Editorial

Pour que le Grand Théâtre vive

Le patient n’est pas encore aux soins intensifs. Mais si une intervention n’est pas programmée et bien organisée, il risque d’entrer rapidement dans une phase critique. Sans augmentation de financement, le Grand Théâtre de Genève dépérira. C’est le constat de l’étude que le bureau munichois Actori vient de rendre. Le rapport n’est pas révolutionnaire. Mais il a le mérite de fixer des bases de réflexion qui sont, pour la première fois de l’histoire de l’Opéra, étudiées en commun par tous les interlocuteurs concernés.

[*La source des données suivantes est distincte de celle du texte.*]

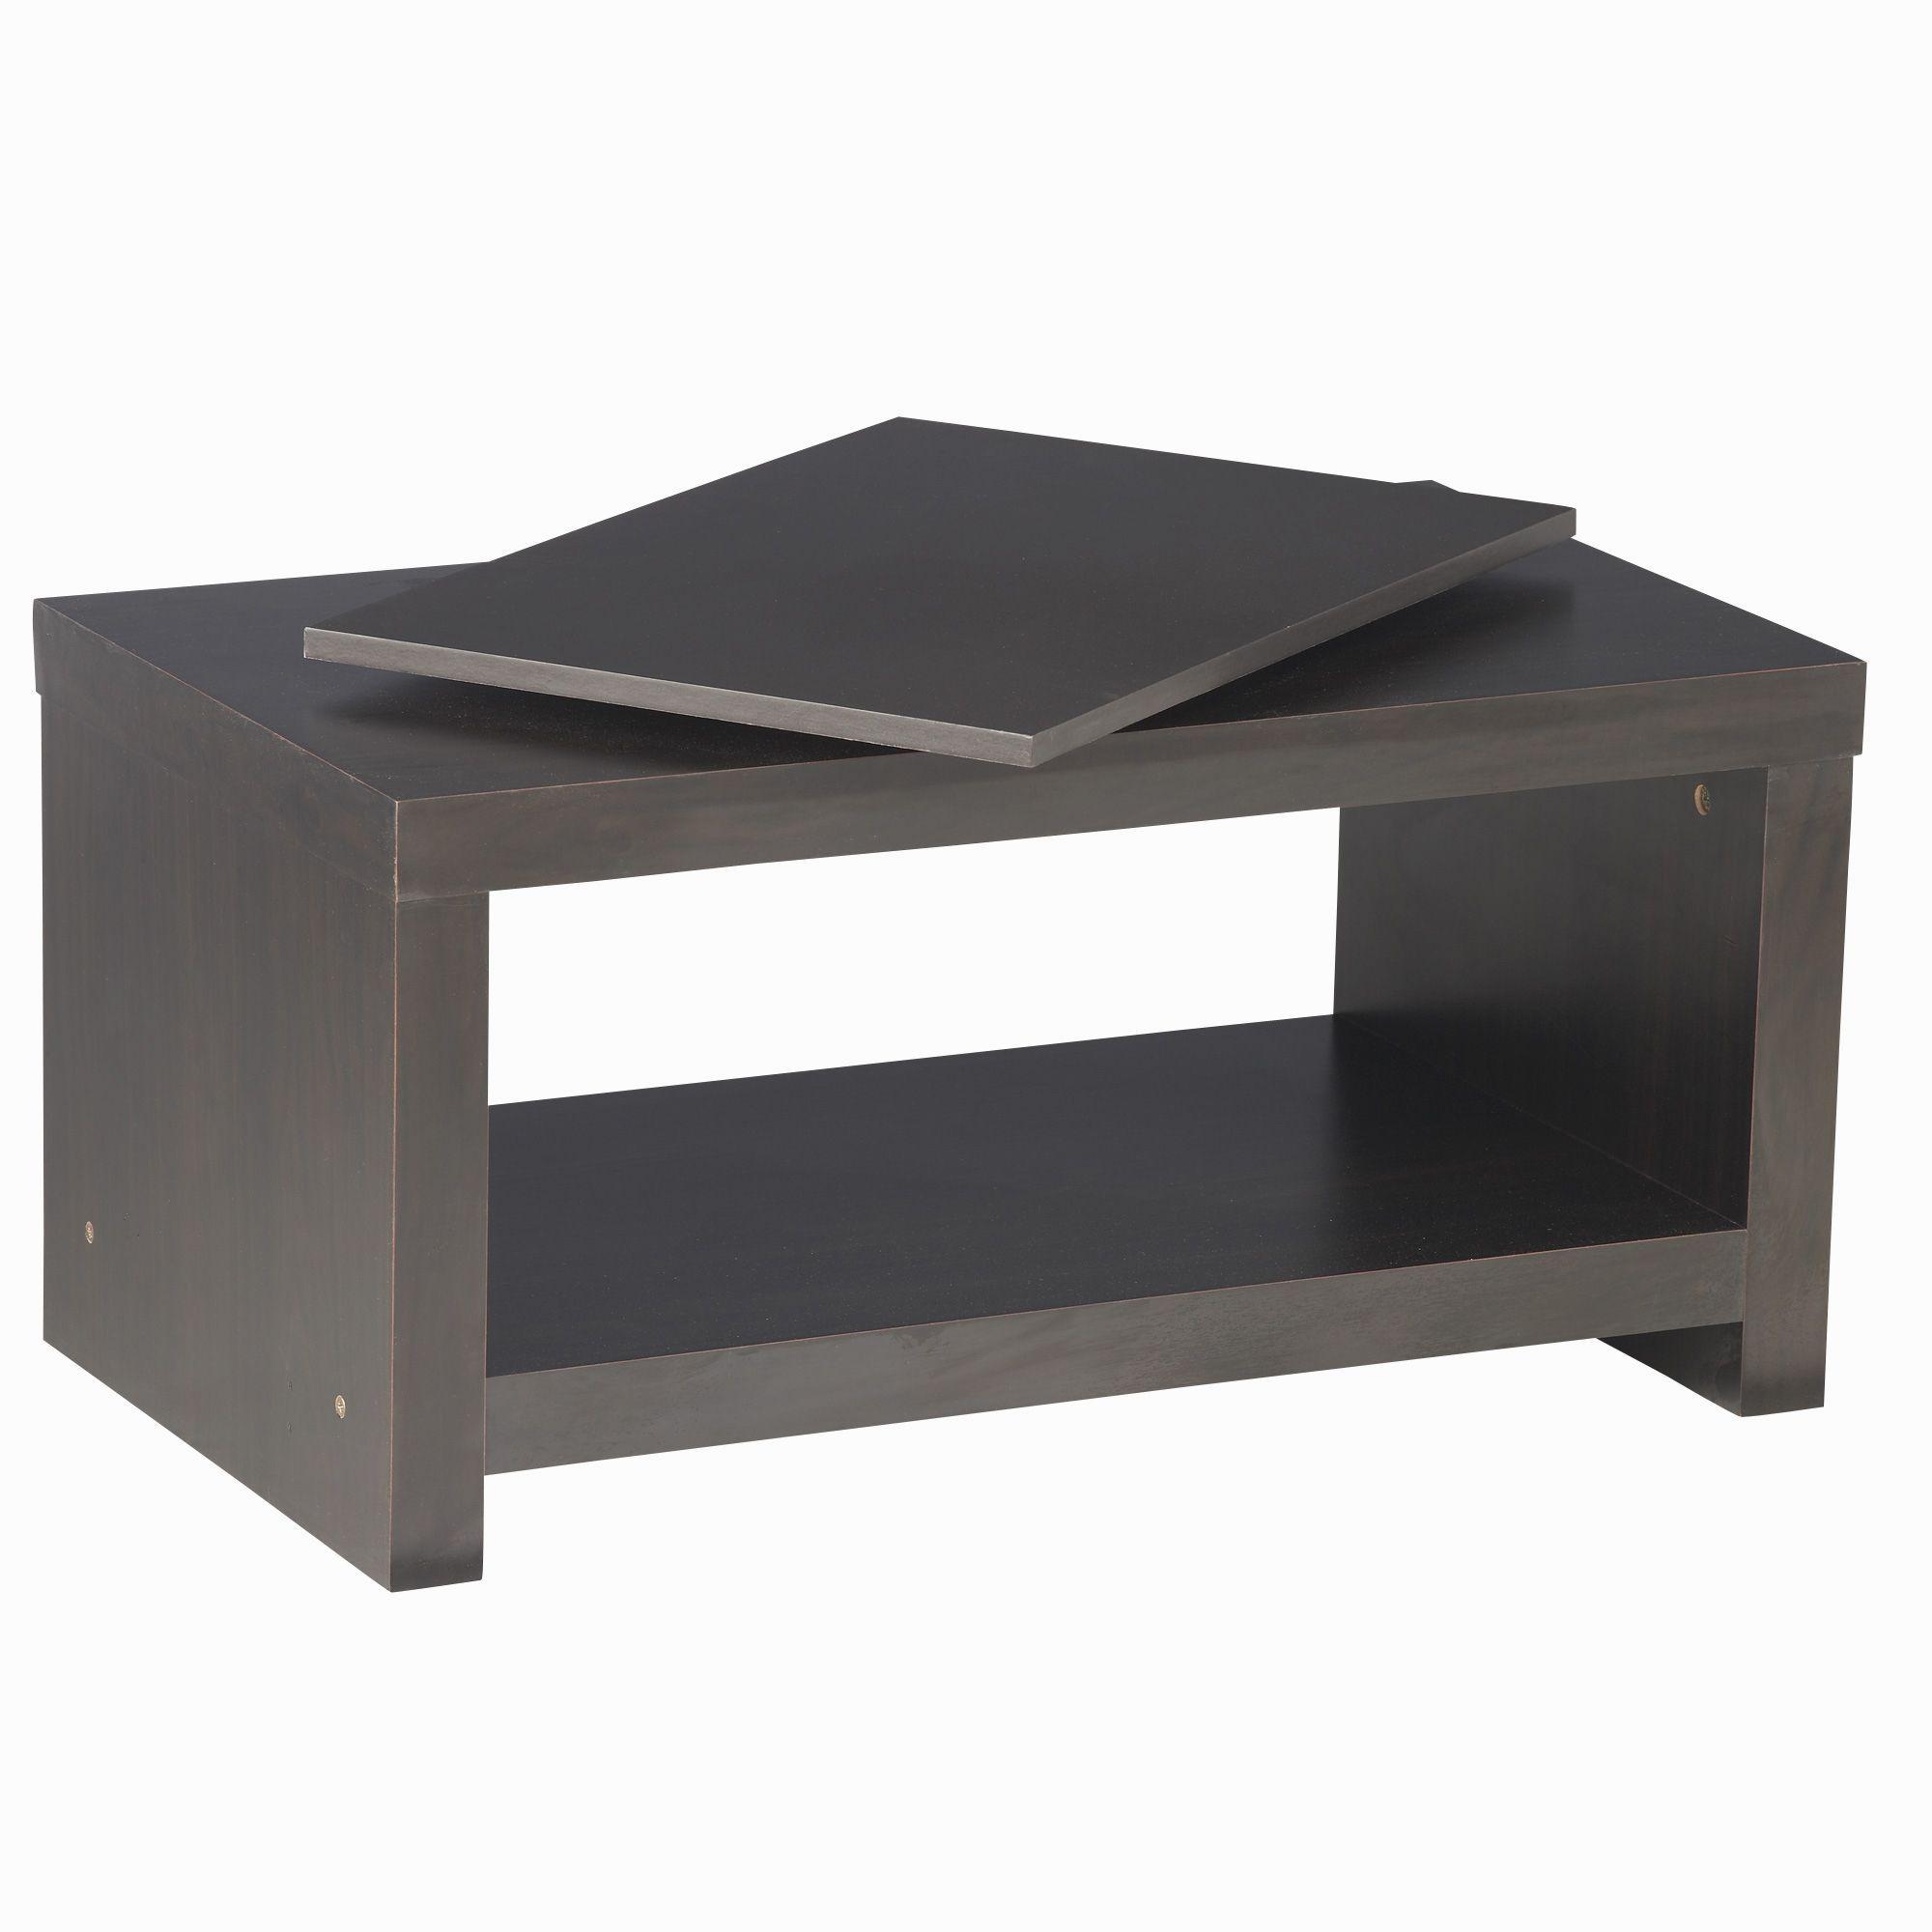 Plateau rotatif pour meuble télé Wengé - Bob - Les meubles télé - Les meubles et accessoires tv - Salon et salle à manger - Décoration d'intérieur - Alinéa

L’étude s’appuie judicieusement sur la nouvelle convention qui lie l’Opéra et l’Orchestre de la Suisse romande. La tension était déjà retombée un peu. Fini le temps des bisbilles après dix-sept ans de bouderies. Chacun aura son mot à dire dans le choix des directeurs artistiques respectifs ou l’organisation des services. Le chef de l’orchestre devra dorénavant diriger, contractuellement, au moins deux opéras par saison. Retour à la normale. Un autre grand soulagement a apaisé la courbe de la tension: l’entrée du canton dans le subventionnement du Grand Théâtre en 2015, à hauteur de 2 millions sur le moyen terme. De quoi redonner des couleurs à une institution qui se place, malgré les dimensions plutôt modestes de Genève, dans la grande course internationale lyrique. Sur le plan des mesures, rien d’exceptionnel non plus. L’adaptation des prix, le renforcement des partenariats, l’élargissement des publics, la fidélisation des privés ou l’ouverture aux autres institutions locales et régionales font partie des stratégies naturelles de toute scène culturelle. L’étude met simplement, noir sur blanc et chiffres à l’appui, l’accent sur ce que les directions et administrations municipales successives serinent depuis des décennies: pour continuer à porter loin le rayonnement culturel de Genève, son Opéra doit disposer de moyens à la hauteur des ambitions de la cité. A travers des collaborations et des mesures raisonnées.